Given data -
───

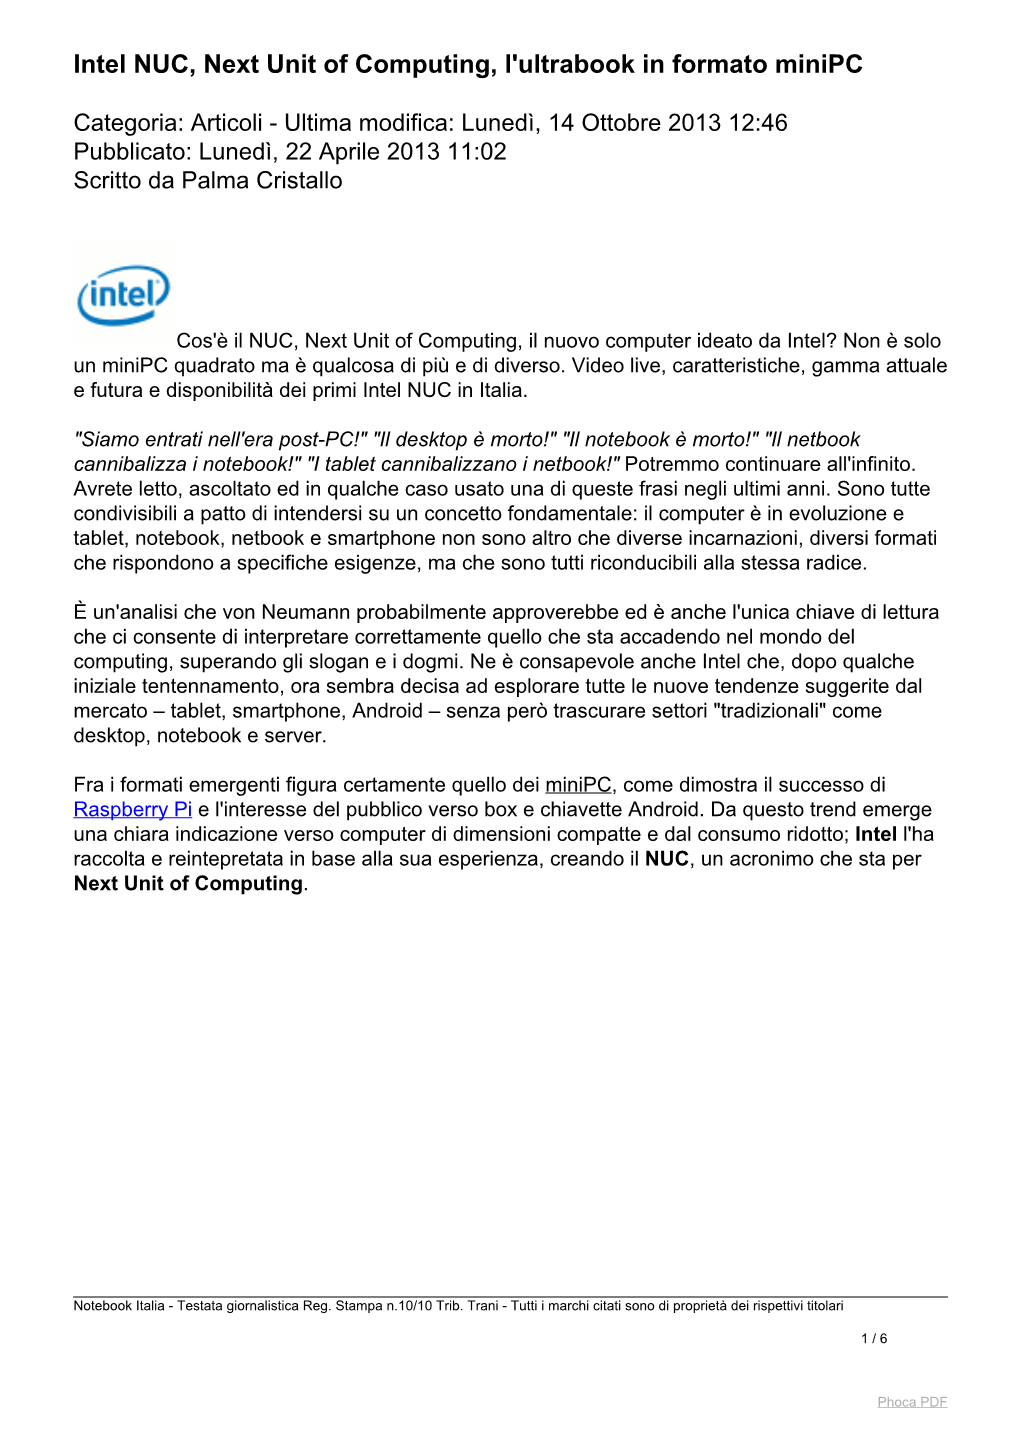 Intel NUC, Next Unit of Computing, L'ultrabook in Formato Minipc
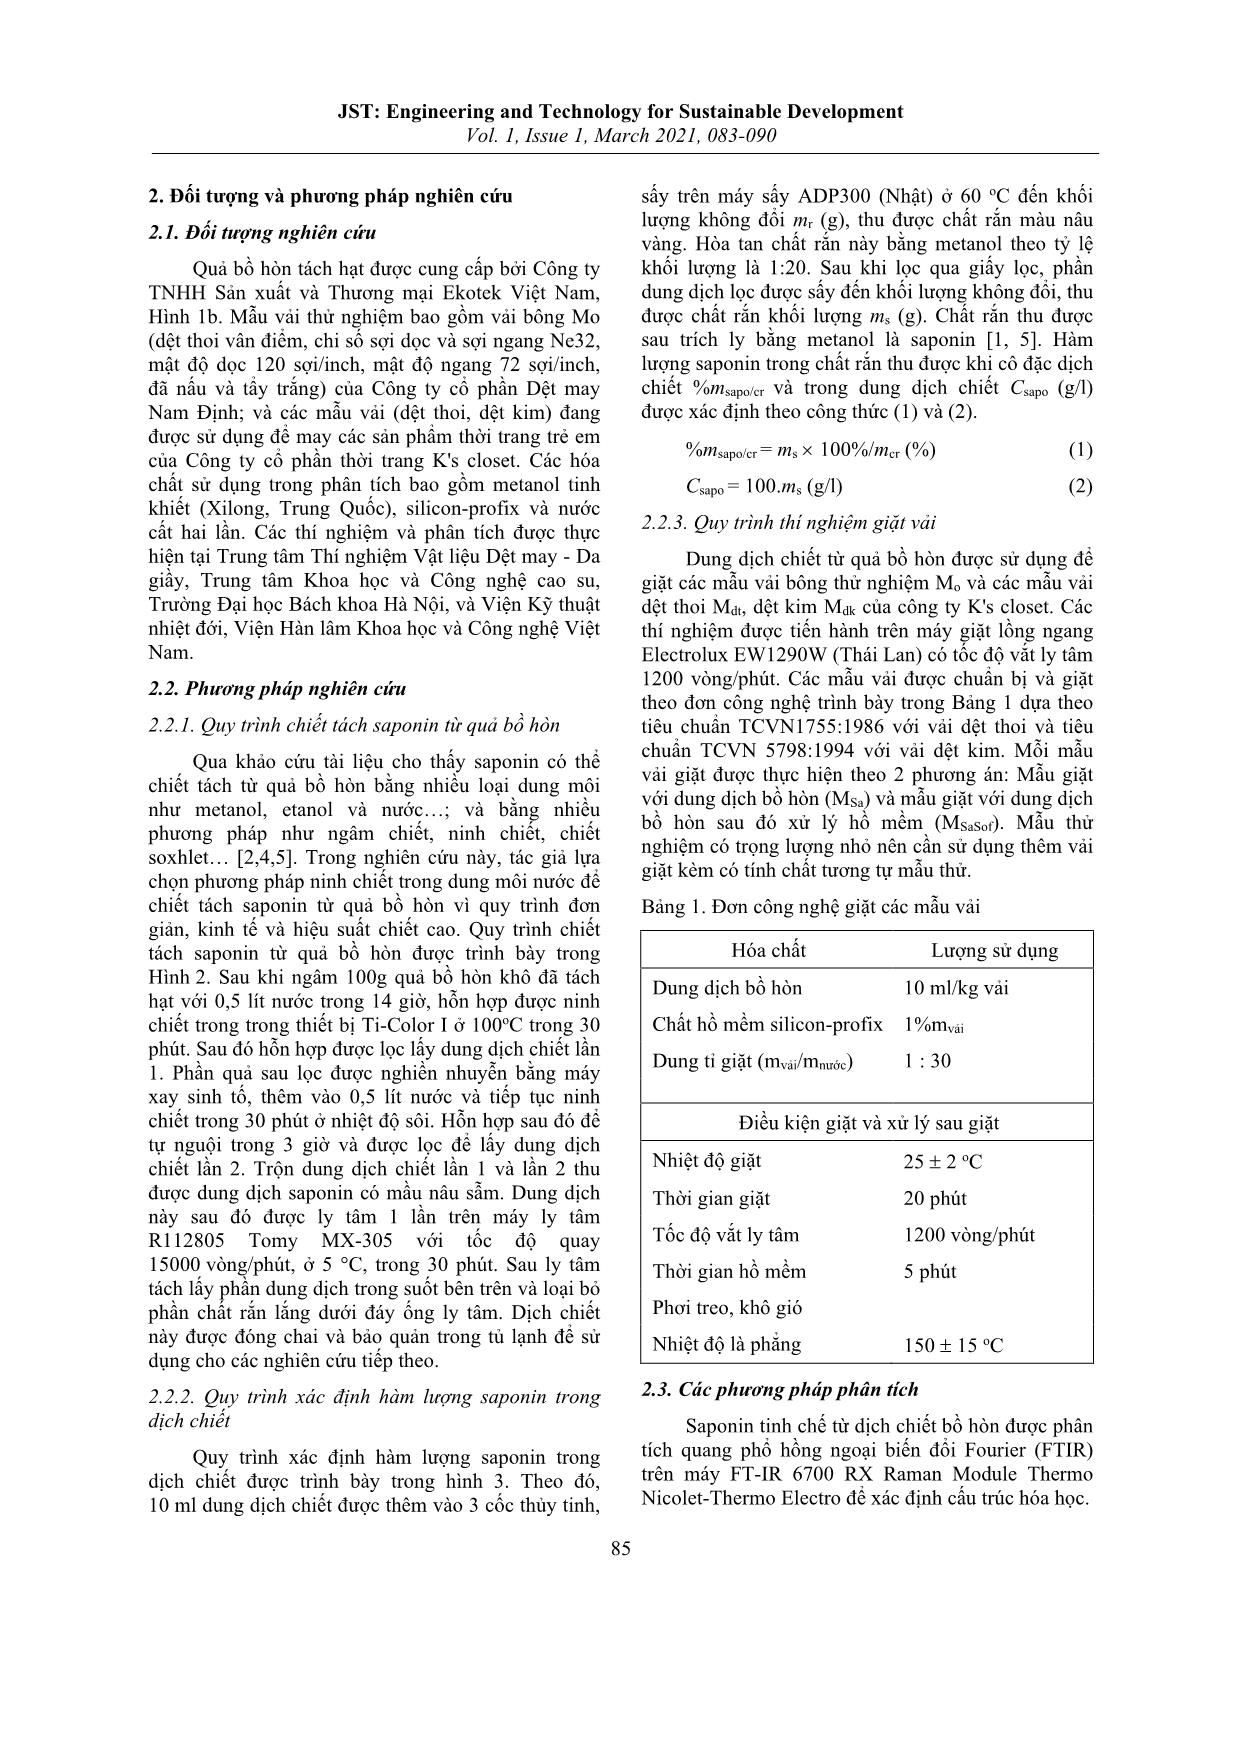 Nghiên cứu sự thay đổi một số tính chất của vải bông sau khi giặt bằng dịch chiết từ quả bồ hòn Việt Nam trang 3
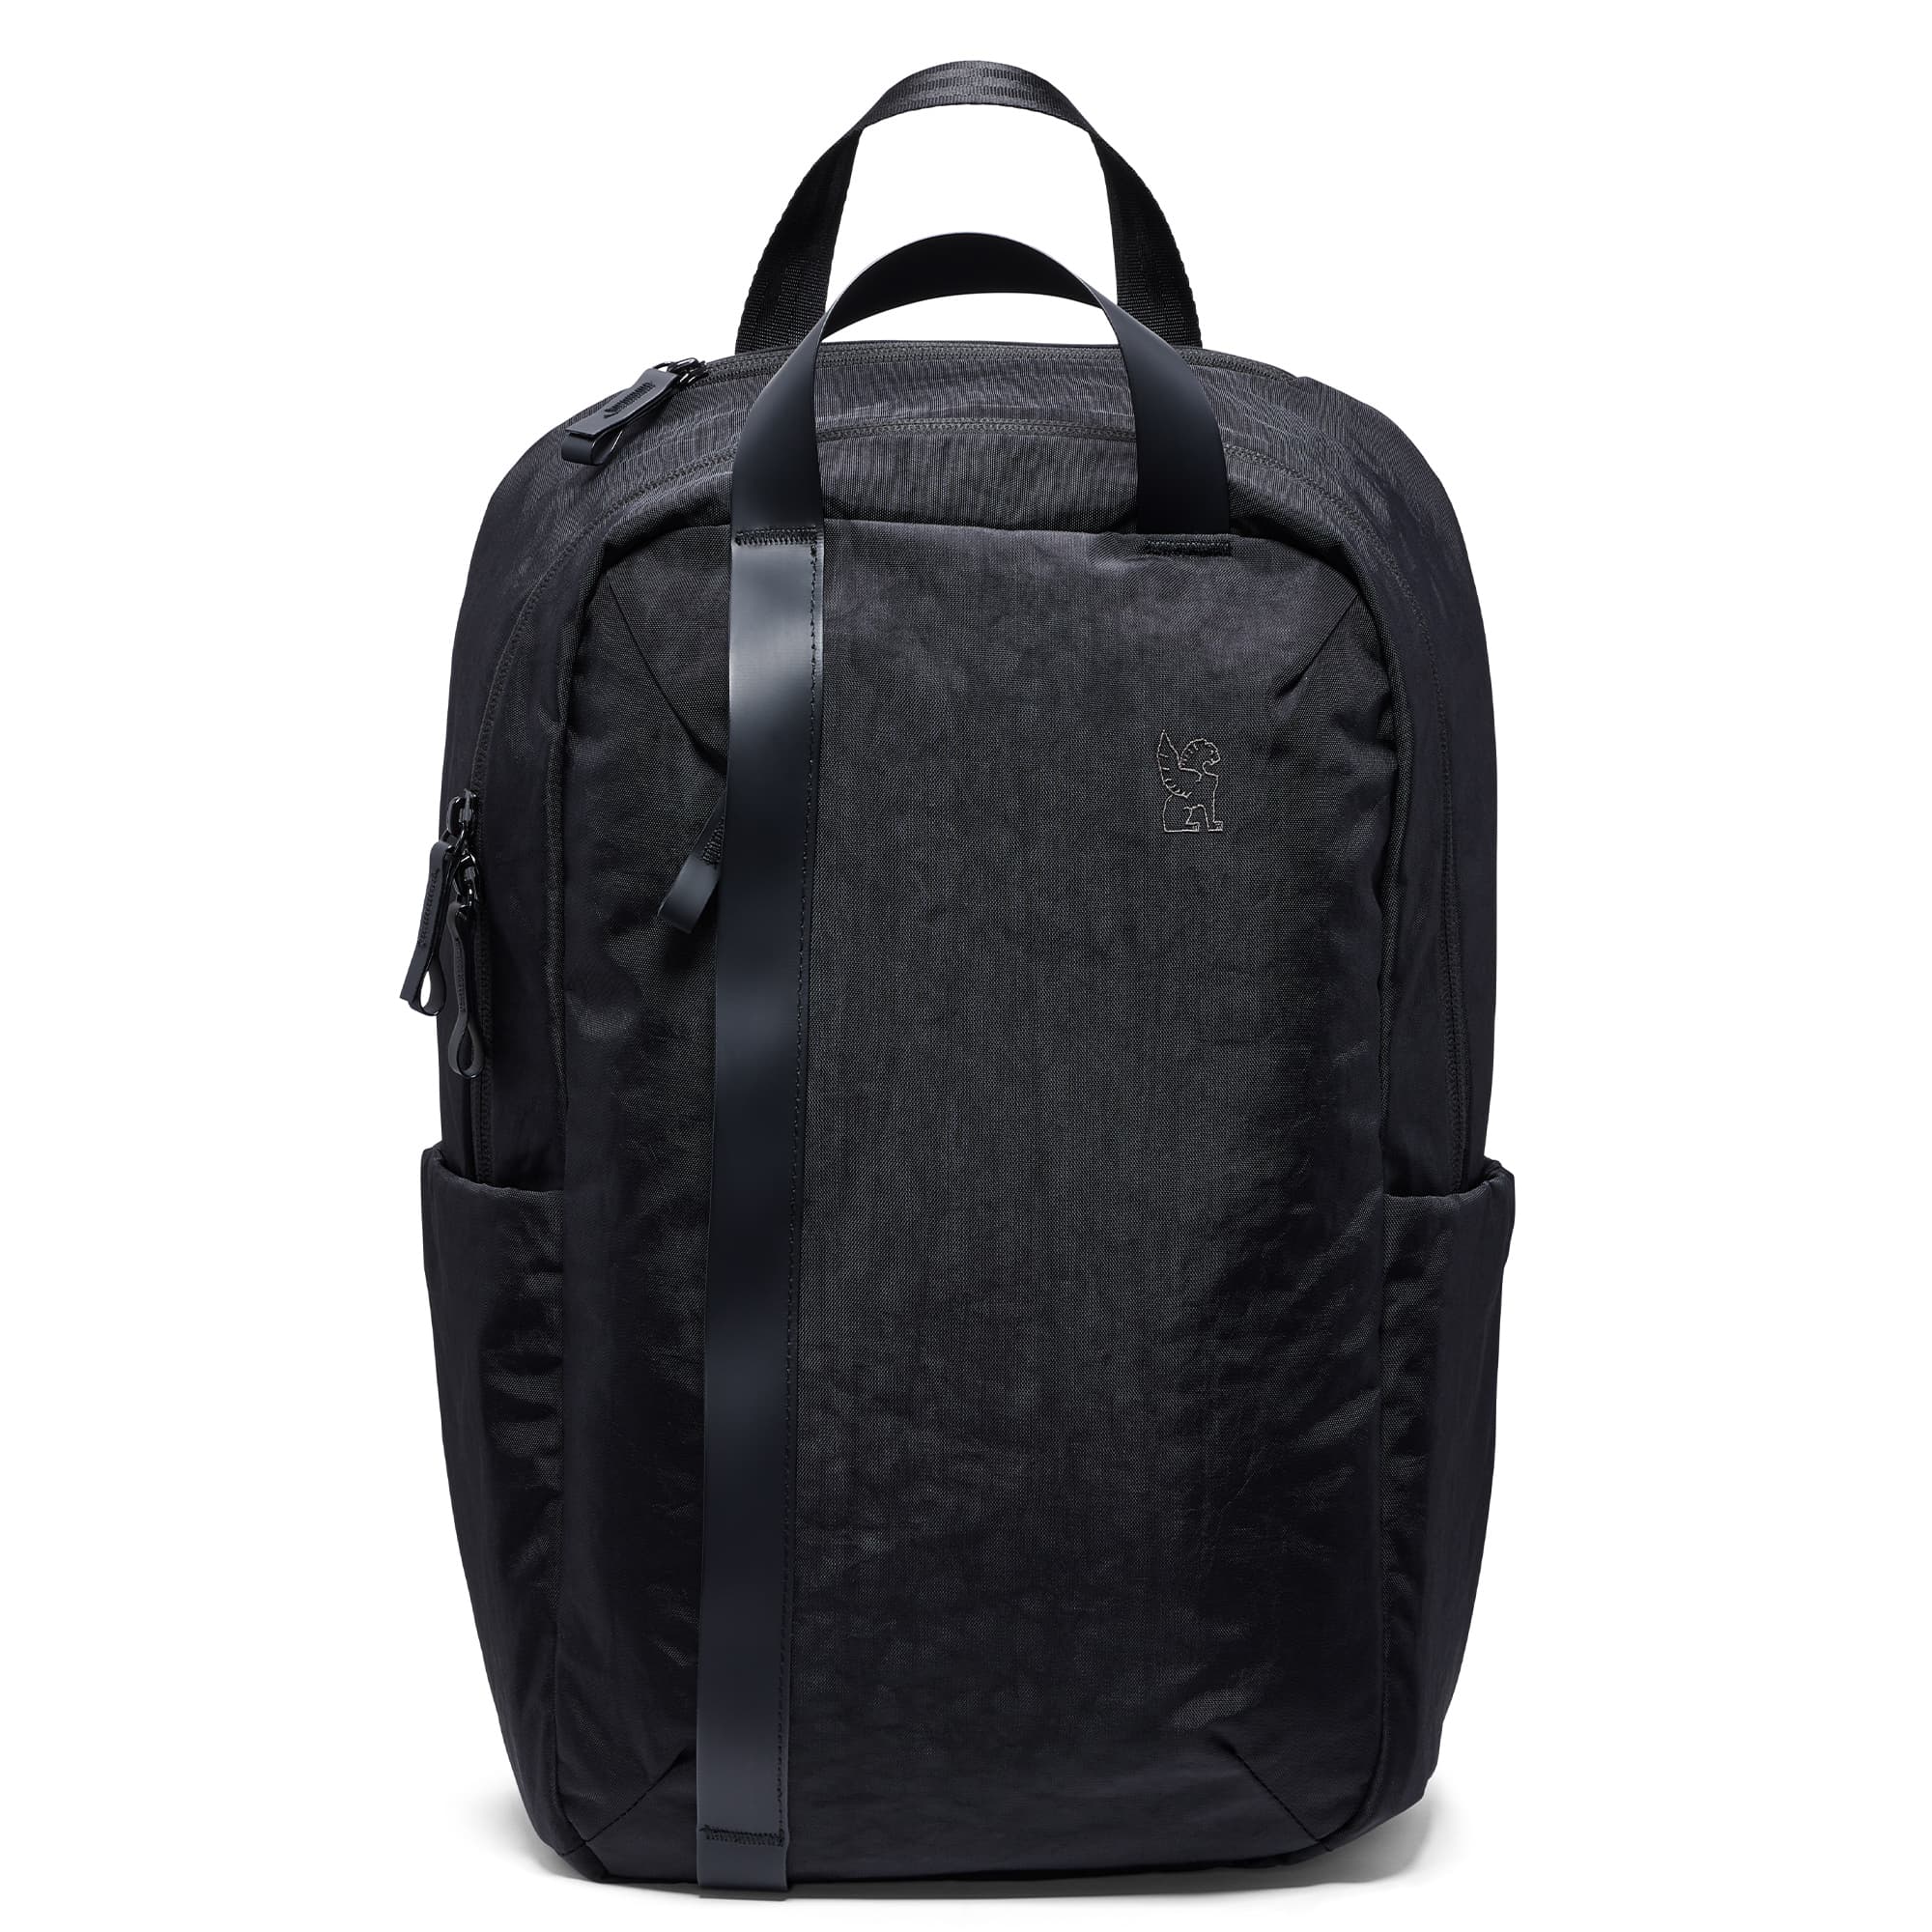 Highline 20L backpack front view in black #color_black

───

Your objective - Return the listing above word for word, with the pictures removed.

Output of the task -
 Intel NUC, Next Unit of Computing, L'ultrabook in Formato Minipc
 Nghiên cứu sự thay đổi một số tính chất của vải bông sau khi giặt bằng dịch chiết từ quả bồ hòn Việt Nam trang 3
 Highline 20L backpack front view in black #color_black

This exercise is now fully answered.